Медсестра нажала ещё одну кнопку.
— Фиолетовым цветом выделены мышцы, напряжение которых при повороте головы или тела позволит вам поворачивать голову в четвёртом измерении — или разворачиваться целиком.
Стивен Боукс попробовал осуществить и эту инструкцию. И взвыл, наблюдая за пляской цветных узоров в экранчиках своего шлема.
— И долго мне надо будет здесь пребывать? Чего именно вы хотите этим добиться?
Женщина устало улыбнулась. В очередной по счёту раз.
— Об этом я не могу распространяться. Вам надо будет пребывать здесь до тех пор, пока вы не приспособитесь к четырёхмерной виртуальности и не пройдёте ряд соответствующих испытаний. Ваше добровольное и искреннее участие в этом является условием вашего досрочного выхода из мест лишения свободы. Степень искренности ваших стараний будут оценивать специалисты.
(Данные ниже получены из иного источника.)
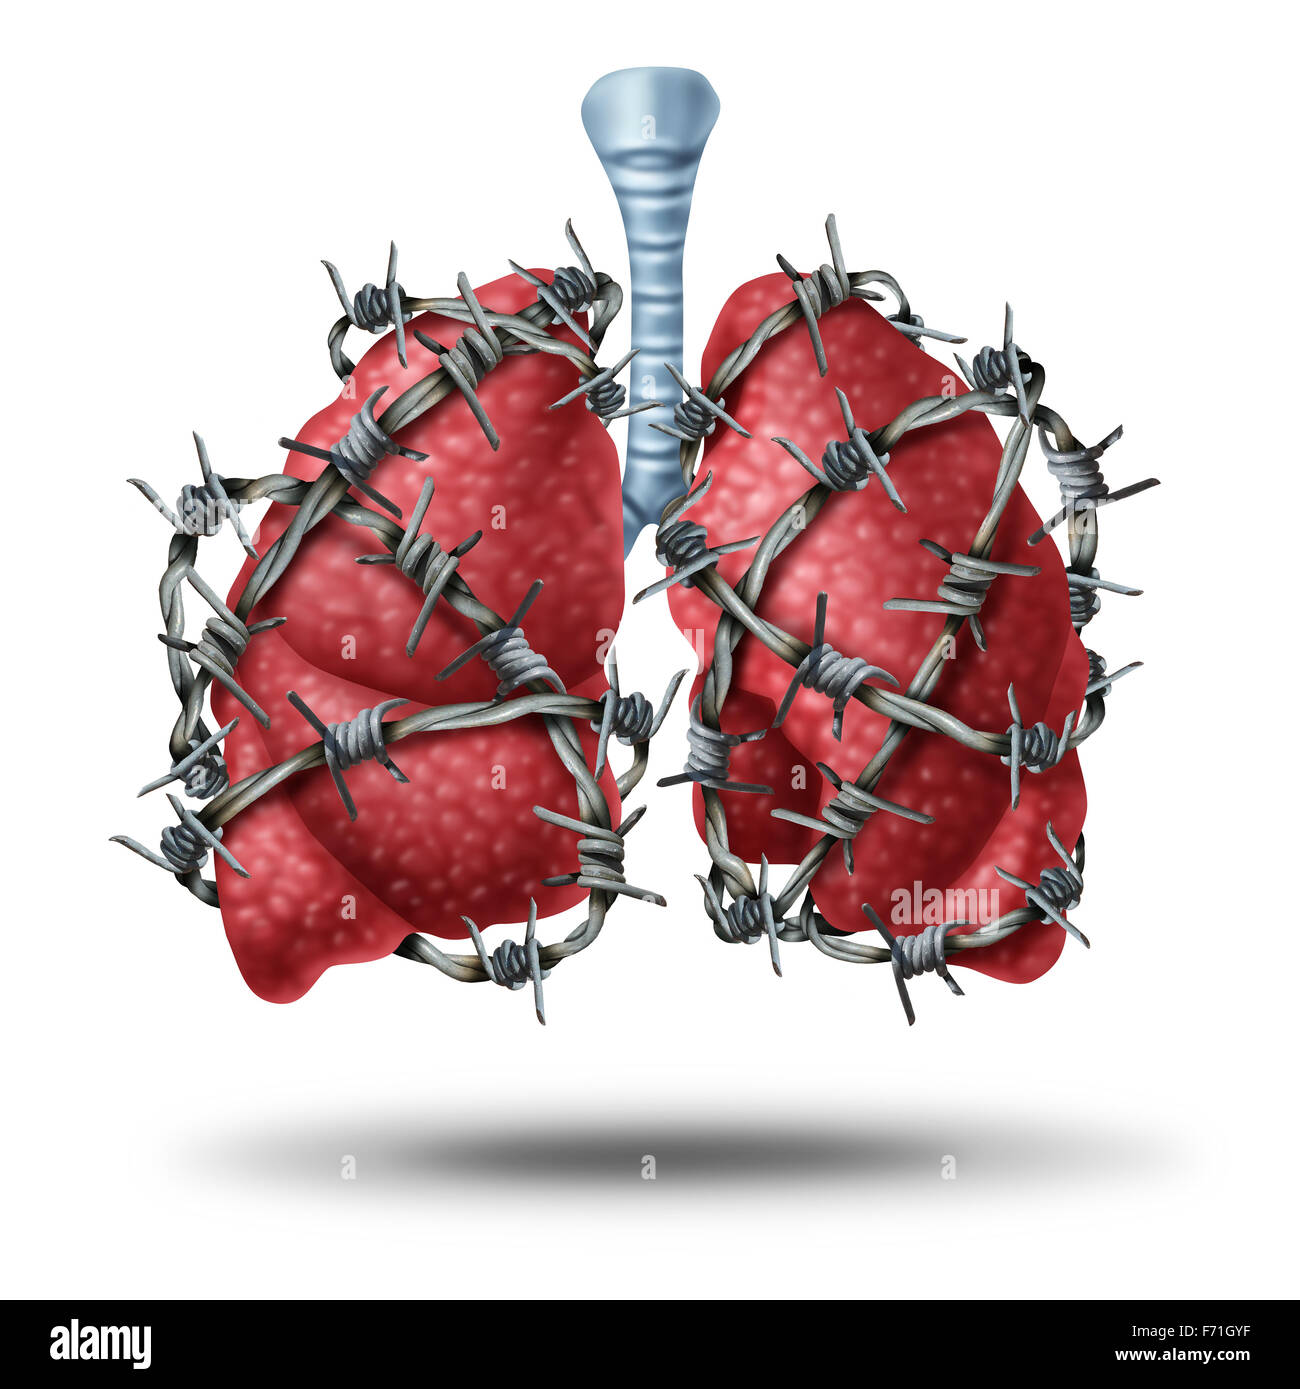 Concepto médico dolor pulmonar como un par de pulmón humano órgano envuelto con peligrosos o alambradas de púas como un símbolo de salud de problemas cardiovasculares como la fibrosis quística o dolor en el pecho la metáfora. Foto de stock

∗ ∗ ∗— В чём же заключается ваша теория, профессор?
Спросивший это сидел в кресле, небрежно заложив ногу за ногу и полуприкрыв левой рукой нижнюю часть лица.
Впрочем, ввиду общей сумеречности кабинета — и ввиду особо удачного расположения кресла прямо перед окном — его лицо в любом случае никому не удалось бы разглядеть. Удалось бы заметить разве что блеск его глаз, отражающих зеленоватые цифры электронных часов и необыкновенно внимательным взглядом изучающих сейчас собеседника.
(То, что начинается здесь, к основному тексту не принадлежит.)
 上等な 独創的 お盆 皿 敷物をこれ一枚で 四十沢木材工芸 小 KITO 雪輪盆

— Здесь необходимо начать с двух сторон. Вы не против, если я начну с сугубо технической, где требуется минимум философии?
Тот, кто задал этот вопрос сидевшему в кресле субъекту, ничуть не скрывал свою внешность. Он был бородат, был в не первой свежести белом халате и носил белые тапочки. Пробивающийся сквозь толстые шторы свет целиком освещал его грузную фигуру.
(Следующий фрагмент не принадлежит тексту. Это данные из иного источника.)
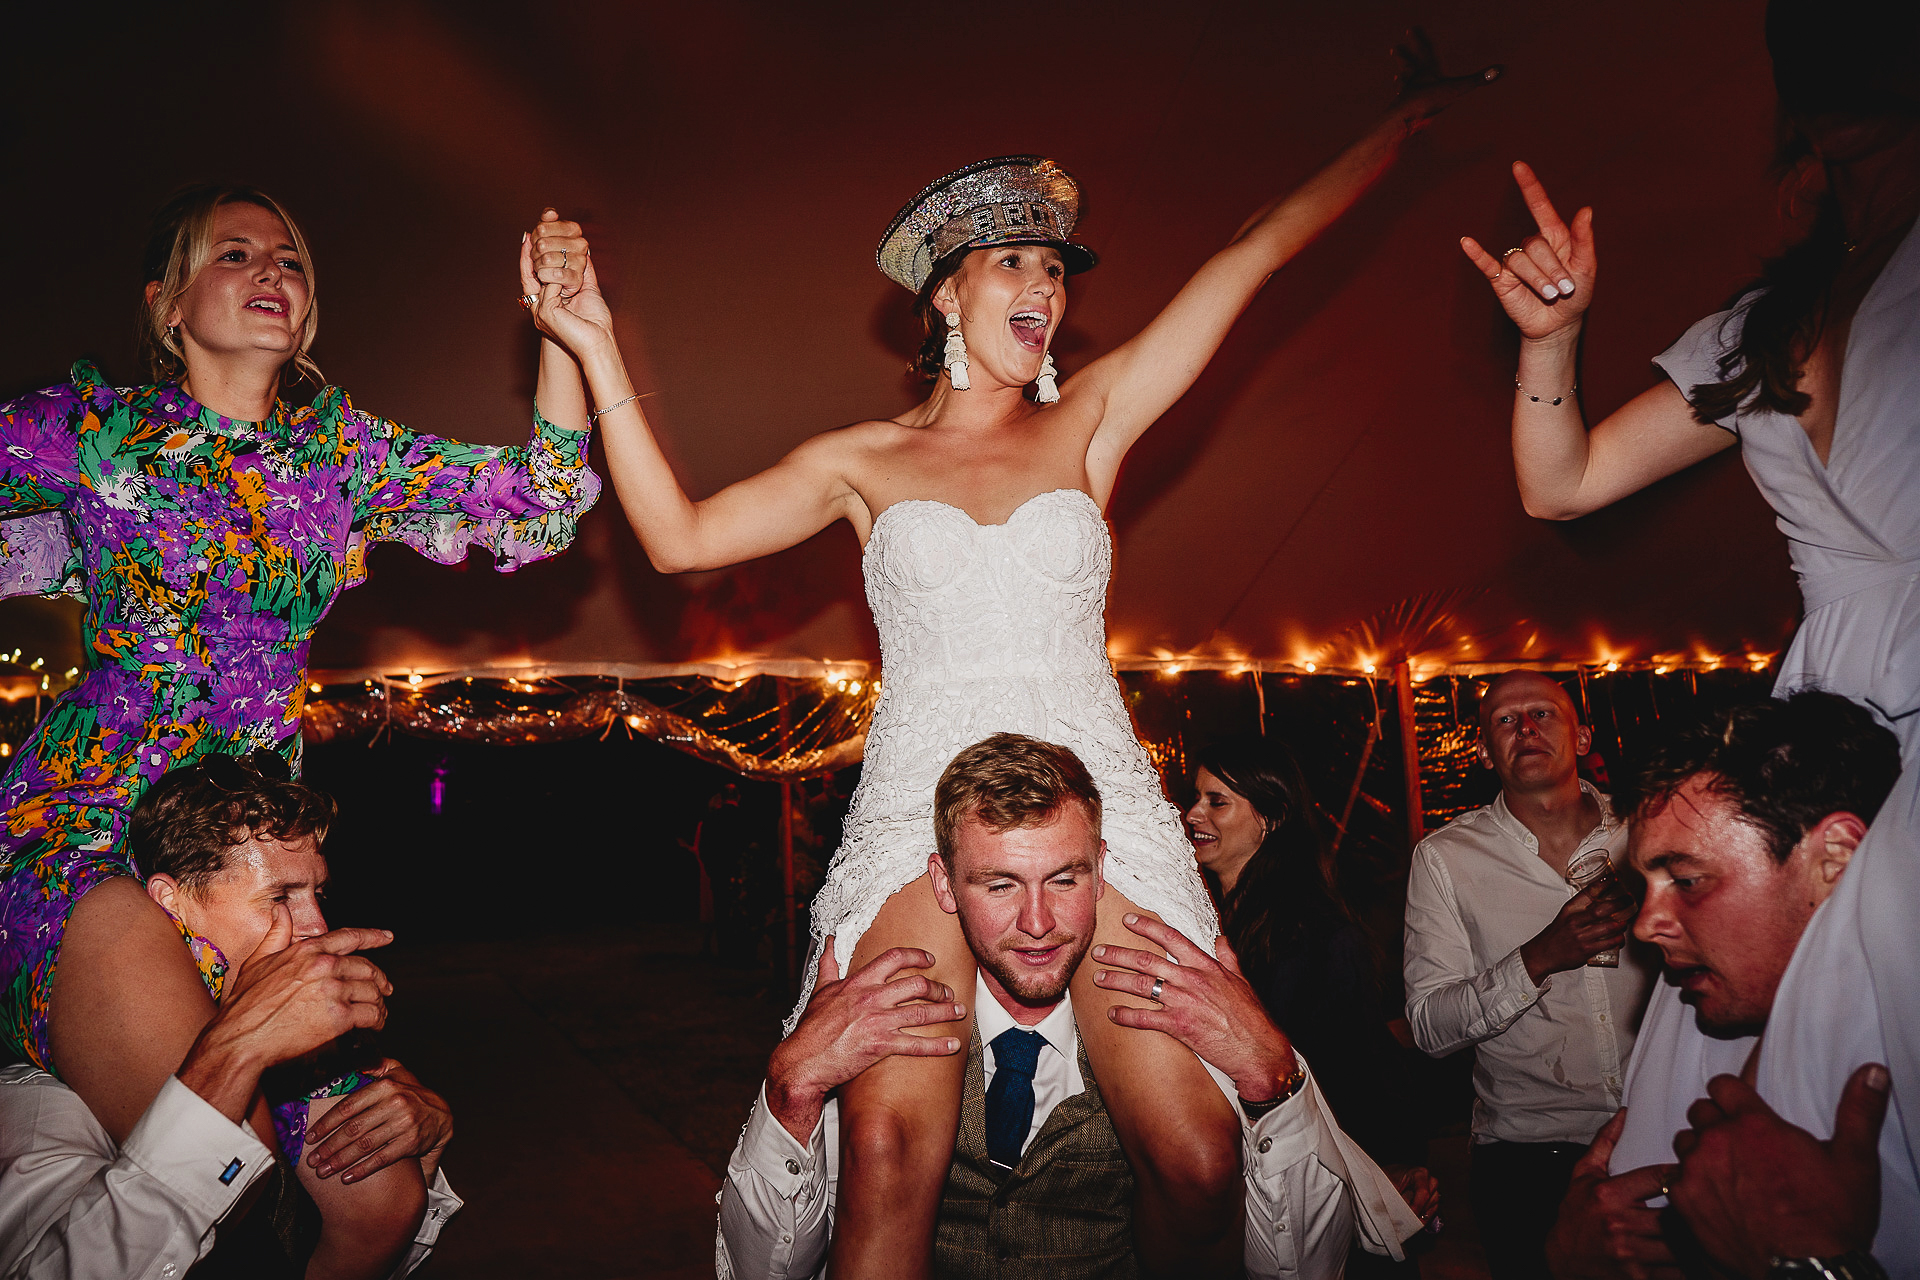 Bride and wedding guests dancing on men's shoulders

И ещё он от волнения курил. Причём явно не первую сигарету.
— Человеческий мозг обладает необыкновенной степенью адаптивности. Вы, конечно, слышали об опыте с очками-перевёртышами?
— Нет.
— Не может быть. Все слышали историю об опыте с очками-перевёртышами.
— Я — не все.
— Ладно, повторю ещё раз. Группе испытателей-добровольцев поручили круглосуточно носить очки, в которых верхнее казалось бы нижним, а нижнее — верхним. Поначалу не проникнувшись глубиной эксперимента, примерно через две недели они начали привыкать, а через месяц им было уже трудно снимать очки — без них мир казался им перевёрнутым.
— Забавно.
— Это лишь один пример адаптивности человеческого мозга. Есть множество других примеров, но я их не помню. Факт, во всяком случае, что иногда и слепому от рождения человеку удаётся вернуть зрение. Существуют и прелюбопытные случаи синестезии, когда человек может с лёгкостью увидеть пару троек среди множества двоек — потому что каждую цифру он воспринимает как написанную отдельным цветом. Синестезист способен перепутать звук и цвет, цвет и вкус, вкус и смысл. Но чаще они всё же не путают, а осознанно сопоставляют их, хотя и ощущая между ними некоторую границу.
— Мне зелёный цвет кажется кисловатым. Я синестезист?
— Не существует здоровых людей, существуют лишь необследованные. Но помните, коллега: девяносто процентов болезней проходят сами собой, а остальные вообще не вылечиваются.
Сидящий в кресле чуть кашлянул, как бы напоминая, что не является коллегой профессору.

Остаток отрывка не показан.